Interactive C++ for Data Science
Interactive C++ for Data Science
In our previous blog post “Interactive C++ with Cling” we mentioned that exploratory programming is an effective way to reduce the complexity of the problem. This post will discuss some applications of Cling developed to support data science researchers. In particular, interactively probing data and interfaces makes complex libraries and complex data more accessible to users. We aim to demonstrate some of Cling’s features at scale; Cling’s eval-style programming support; projects related to Cling; and show interactive C++/CUDA.
Eval-style programming
A Cling instance can access itself through its runtime. The example creates a
cling::Value
to store the execution result of the incremented variable i
.
That mechanism can be used further to support dynamic scopes extending the name
lookup at runtime.
[cling]$ #include <cling/Interpreter/Value.h>
[cling]$ #include <cling/Interpreter/Interpreter.h>
[cling]$ int i = 1;
[cling]$ cling::Value V;
[cling]$ gCling->evaluate("++i", V);
[cling]$ i
(int) 2
[cling]$ V
(cling::Value &) boxes [(int) 2]
V
“boxes” the expression result providing extended lifetime if necessary.
The cling::Value
can be used to communicate expression values from the
interpreter to compiled code.
[cling]$ ++i
(int) 3
[cling]$ V
(cling::Value &) boxes [(int) 2]
This mechanism introduces a delayed until runtime evaluation which enables some features increasing the dynamic look and feel of the C++ language.

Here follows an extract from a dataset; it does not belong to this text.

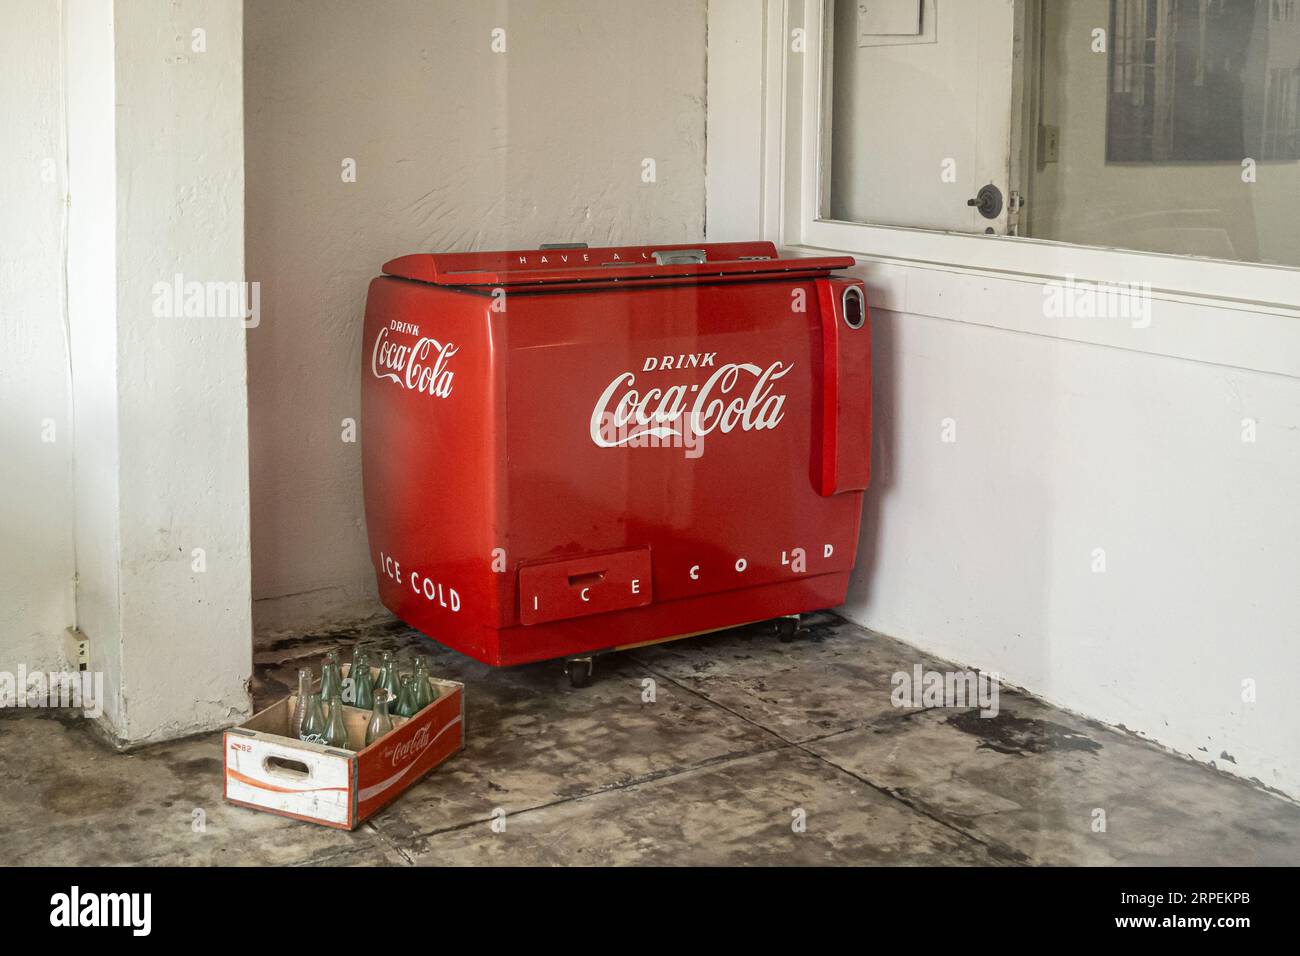 Flaschen Coca Cola in einem Kühlschrank mit Logo Stockfotografie - Alamy

The ROOT data analysis package
The main tool for storage, research and visualization of scientific data in the field of high energy physics (HEP) is the specialized software package ROOT. ROOT is a set of interconnected components that assist scientists from data storage and research to their visualization when published in a scientific paper. ROOT has played a significant role in scientific discoveries such as gravitational waves, the great cavity in the Pyramid of Cheops, the discovery of the Higgs boson by the Large Hadron Collider. For the last 5 years, Cling has helped to analyze 1 EB physical data, serving as a basis for over 1000 scientific publications, and supports software run across a distributed million CPU core computing facility.
ROOT uses Cling as a reflection information service for data serialization. The C++ objects are stored in a binary format, vertically. The content of a loaded data file is made available to the users and C++ objects become a first class citizen.

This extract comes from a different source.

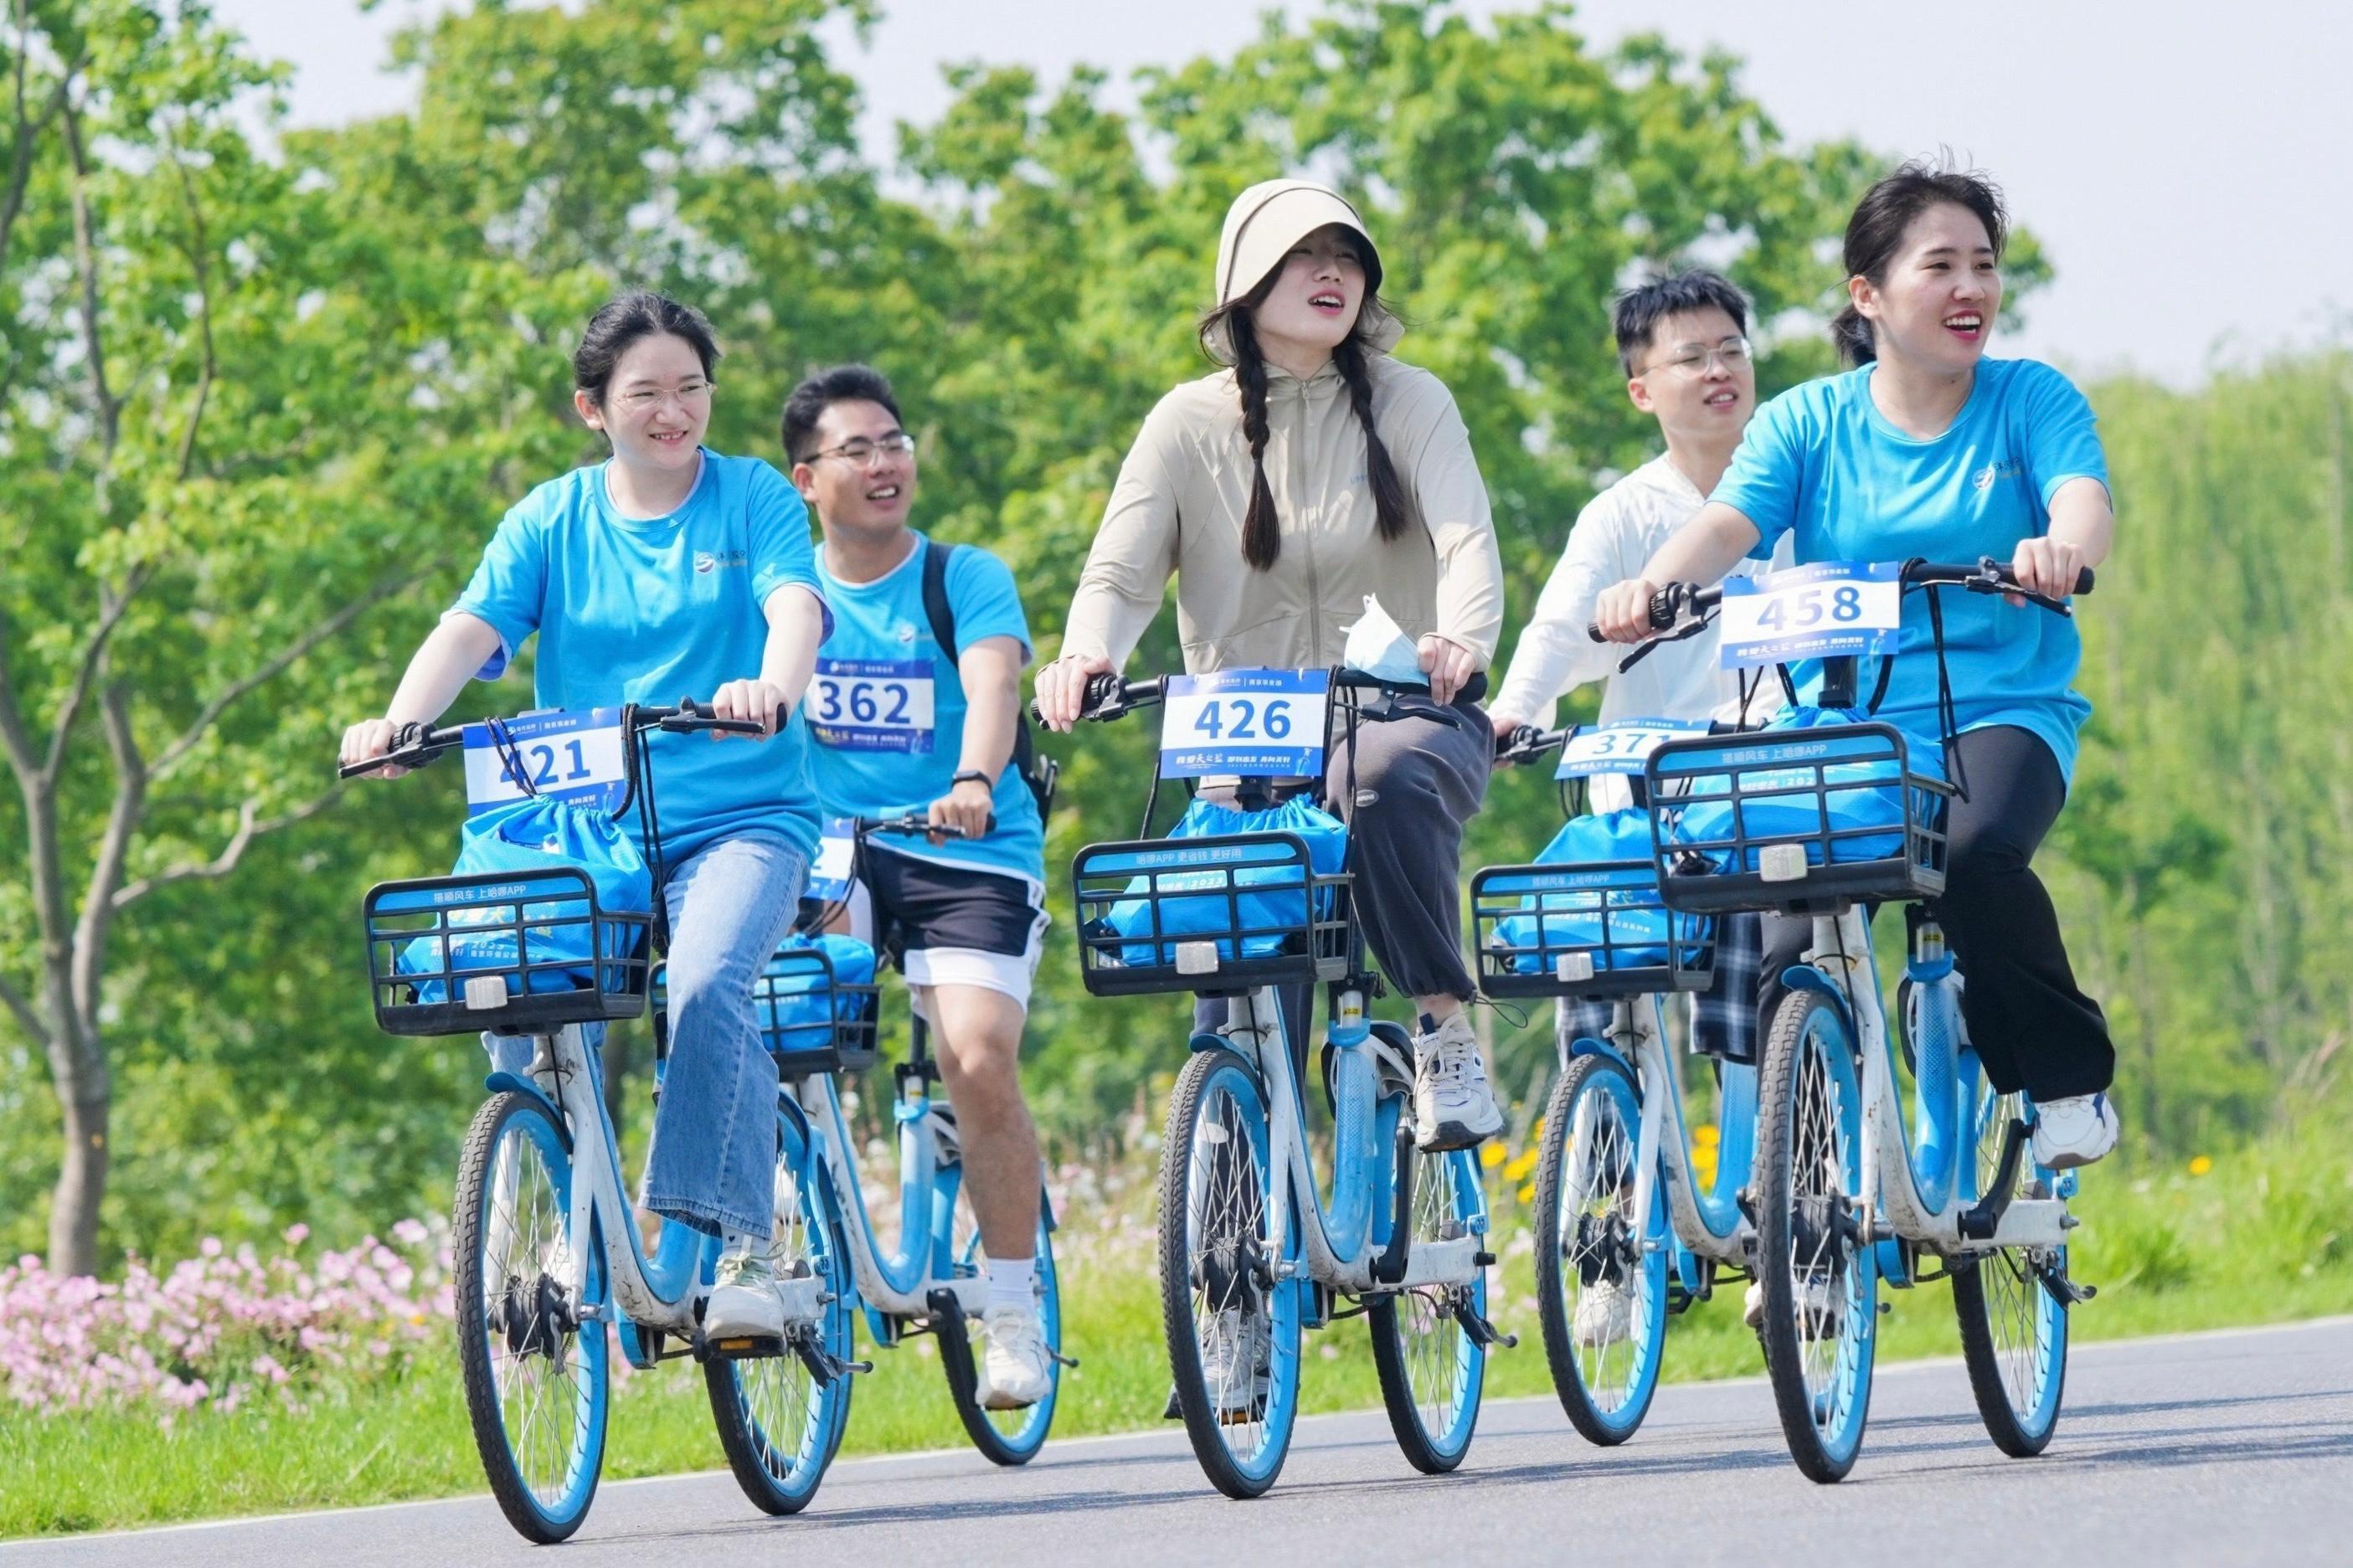 倡导低碳出行、健康生活!哈啰单车公益支持南京江心洲环岛骑行赛

A central component of ROOT enabled by Cling is eval-style programming. We use this in HEP to make it easy to inspect and use C++ objects stored by ROOT. Cling enables ROOT to inject available object names into the name lookup when a file is opened:
[root] ntuple->GetTitle()
error: use of undeclared identifier 'ntuple'
[root] TFile::Open("tutorials/hsimple.root"); ntuple->GetTitle() // #1
(const char *) "Demo ntuple"
[root] gFile->ls();
TFile** tutorials/hsimple.root Demo ROOT file with histograms
TFile* tutorials/hsimple.root Demo ROOT file with histograms
OBJ: TH1F hpx This is the px distribution : 0 at: 0x7fadbb84e390
OBJ: TNtuple ntuple Demo ntuple : 0 at: 0x7fadbb93a890
KEY: TH1F hpx;1 This is the px distribution
[...]
KEY: TNtuple ntuple;1 Demo ntuple
[root] hpx->Draw()
The ROOT framework injects additional names to the name lookup on two stages.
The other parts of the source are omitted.